PROBLEM TO SOLVE
Within the listing that follows, reproduce exactly the lines starting at the line with "8 Awesome Diy" and ending at the line with "Femme soldat en", inclusive, and only those. Pictures are dropped.

LISTED ENTRIES
==========

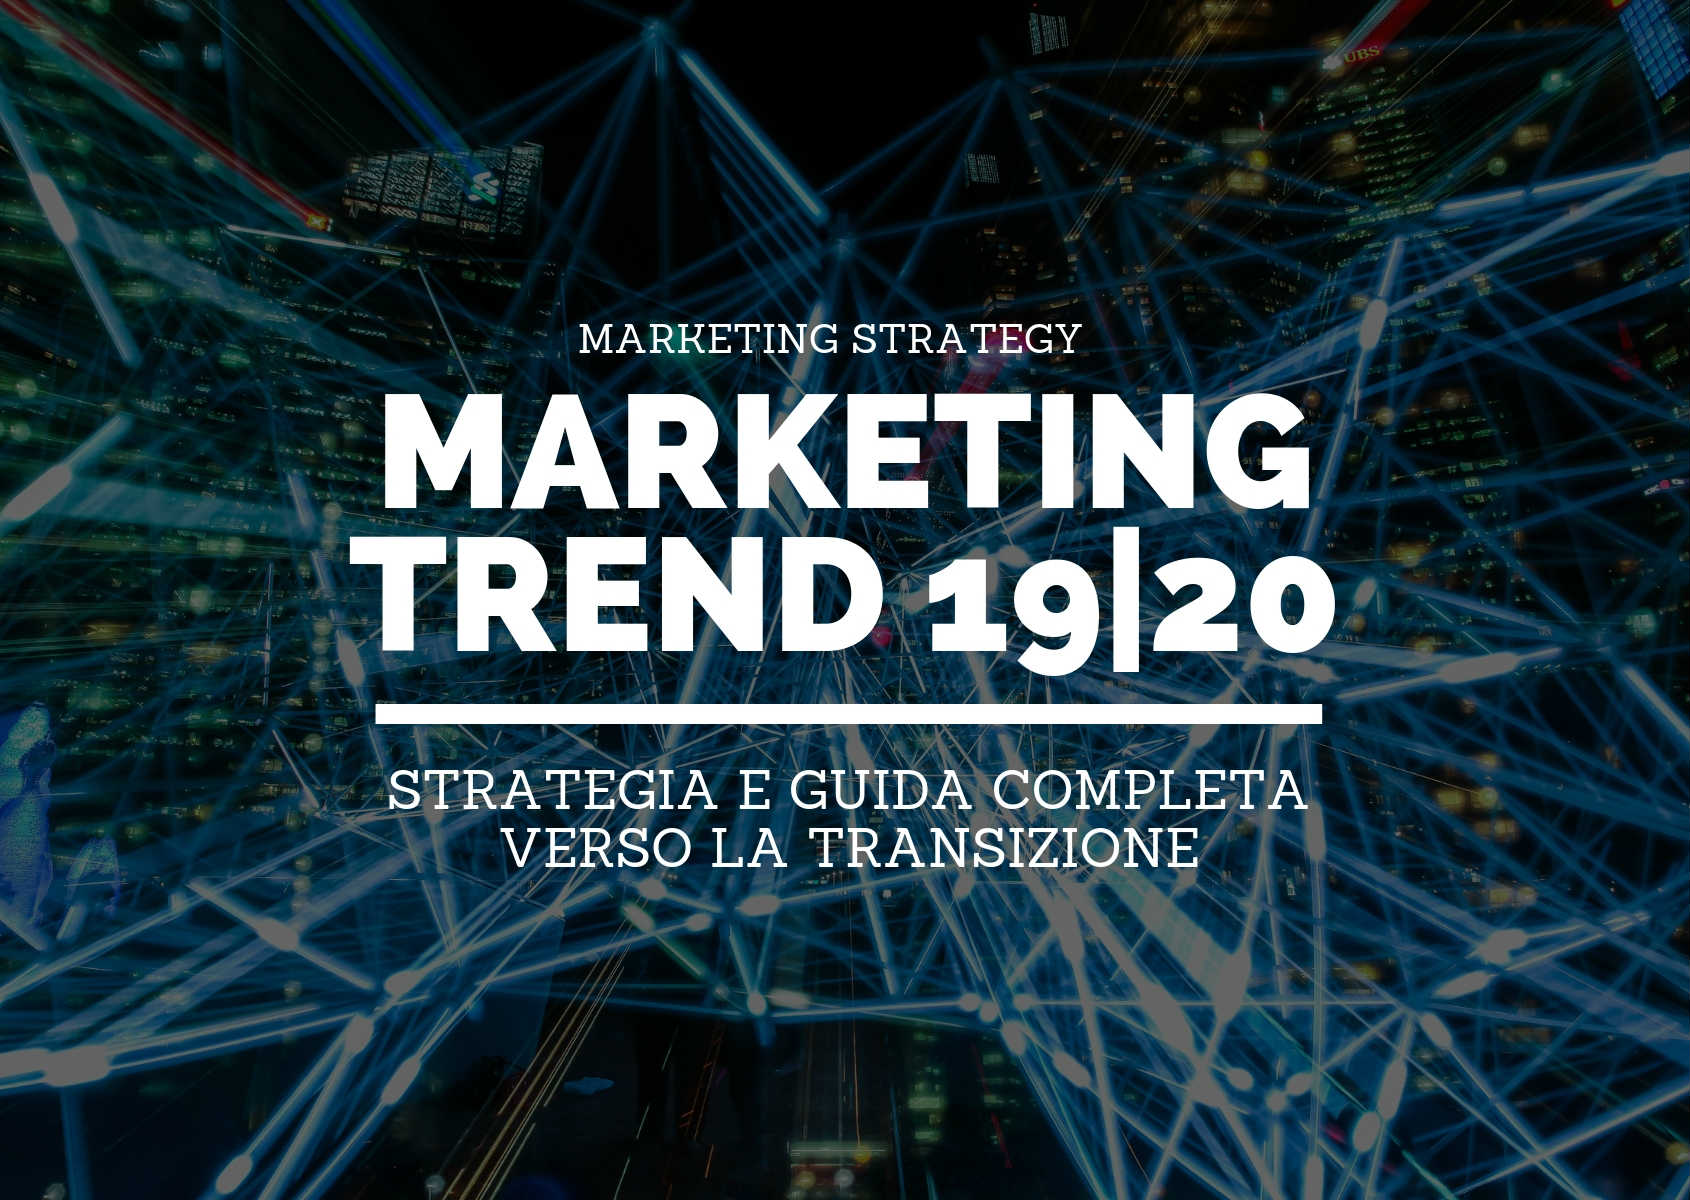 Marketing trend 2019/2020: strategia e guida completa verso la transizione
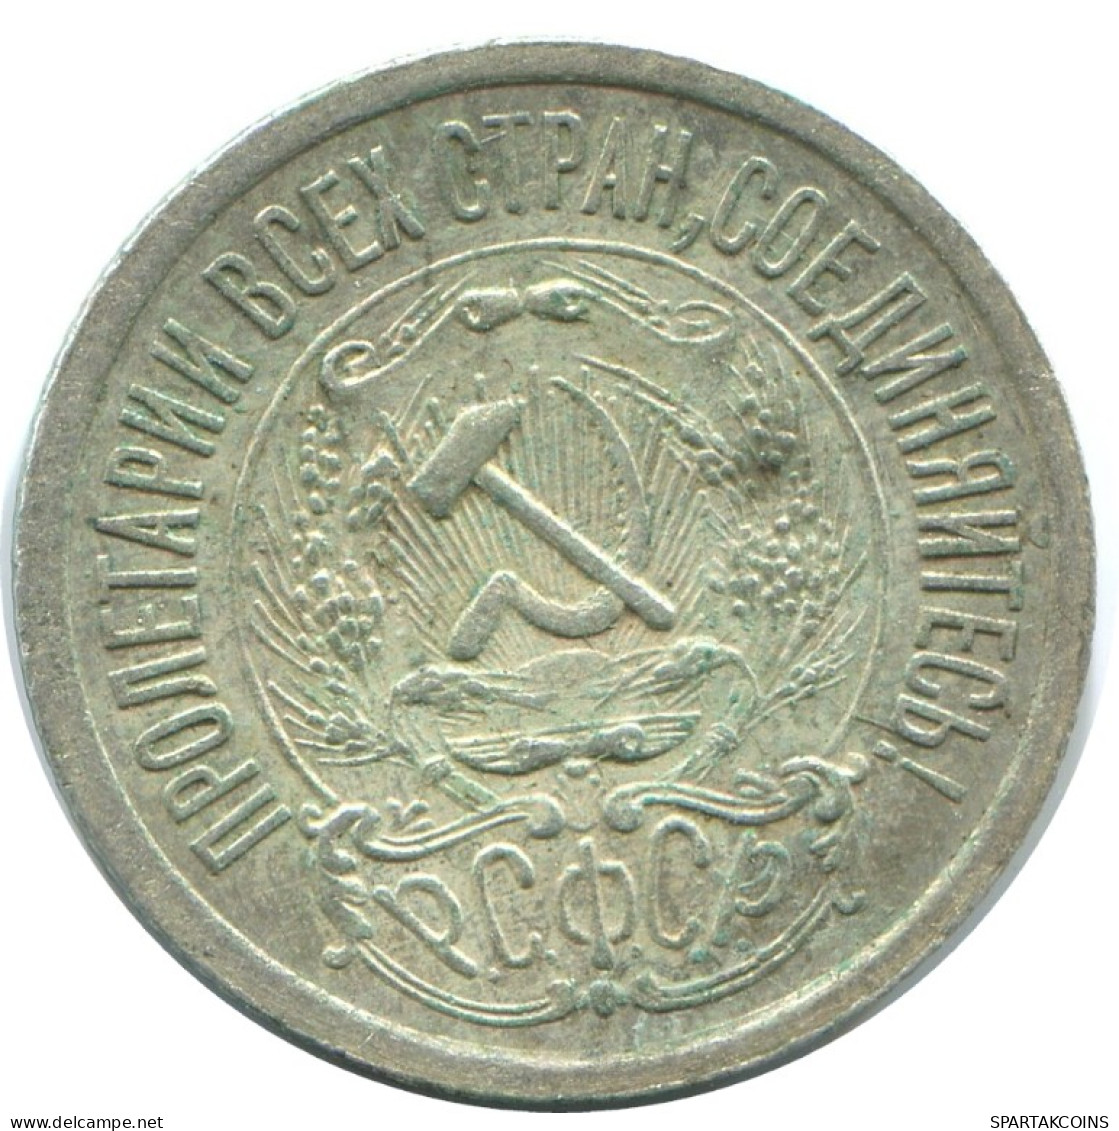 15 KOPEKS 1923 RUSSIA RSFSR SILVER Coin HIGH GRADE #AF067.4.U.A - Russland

==========

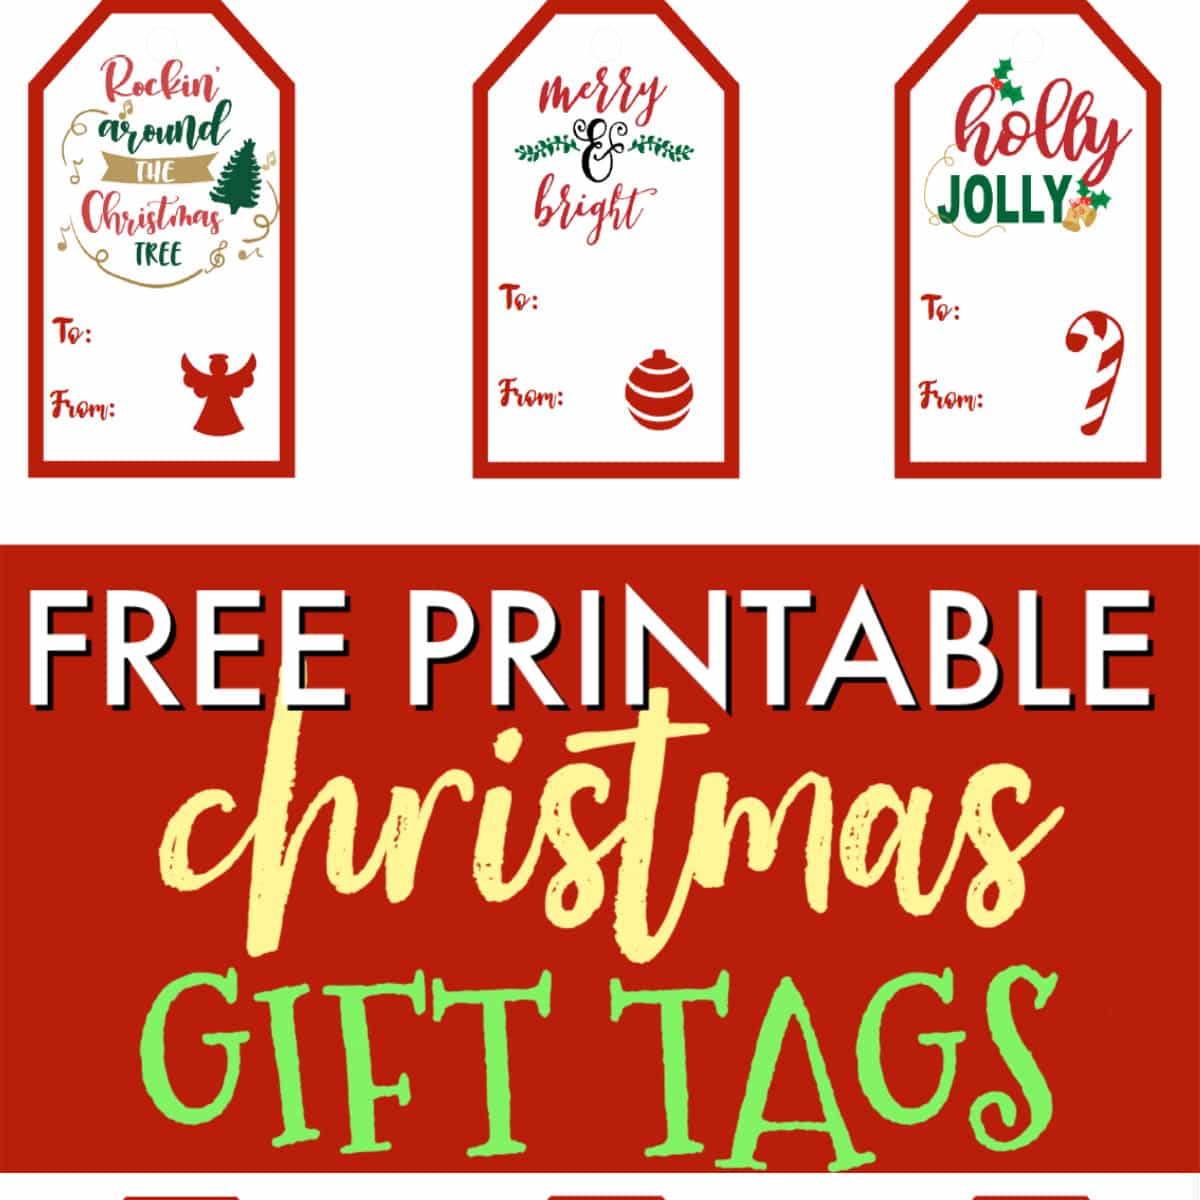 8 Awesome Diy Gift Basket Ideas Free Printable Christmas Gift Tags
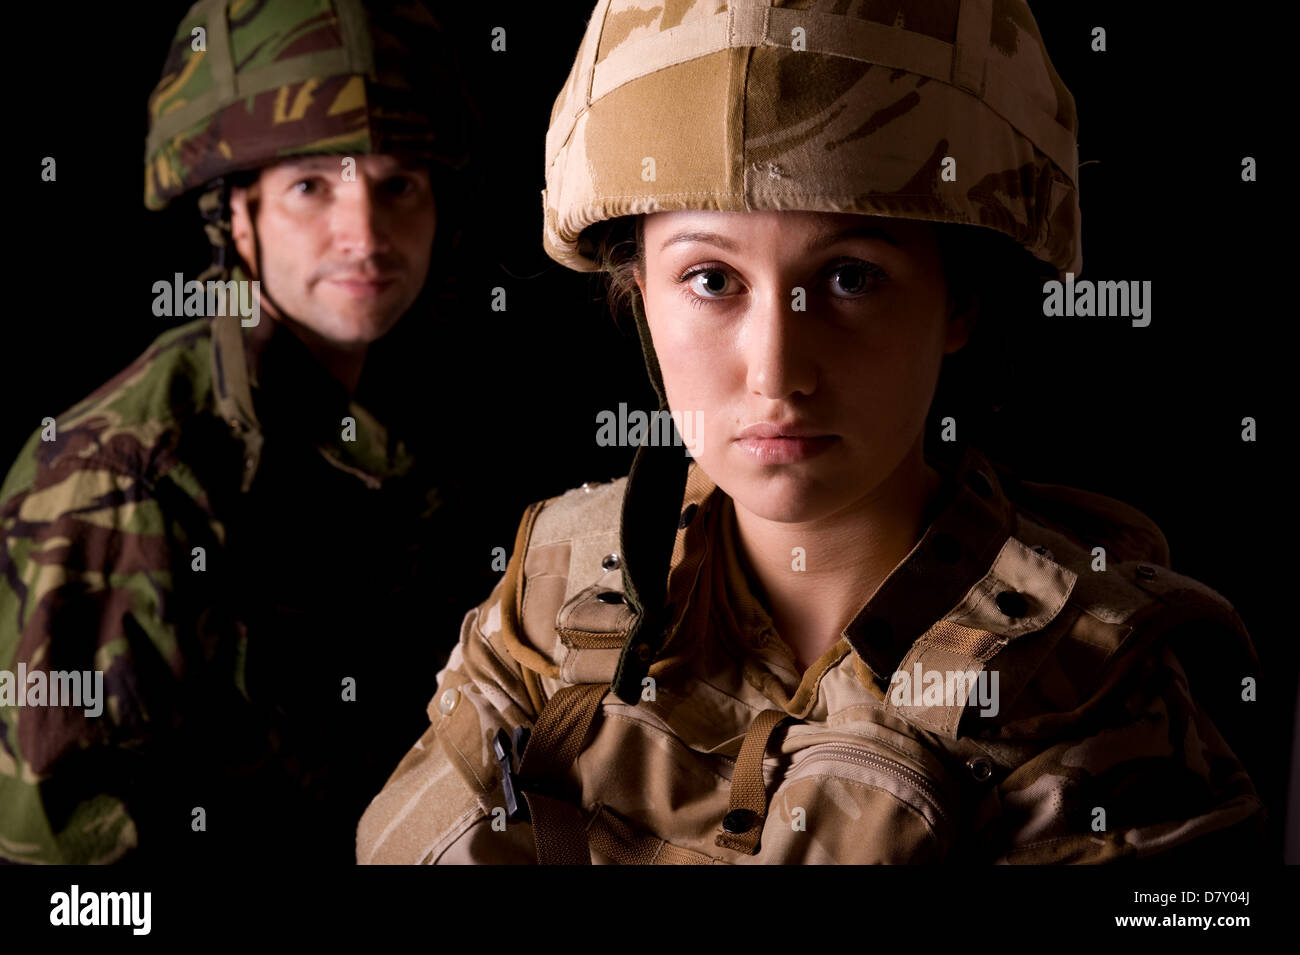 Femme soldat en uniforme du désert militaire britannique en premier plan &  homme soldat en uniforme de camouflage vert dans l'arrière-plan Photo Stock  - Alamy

==========

EXPECTED ANSWER
 8 Awesome Diy Gift Basket Ideas Free Printable Christmas Gift Tags
 Femme soldat en uniforme du désert militaire britannique en premier plan &  homme soldat en uniforme de camouflage vert dans l'arrière-plan Photo Stock  - Alamy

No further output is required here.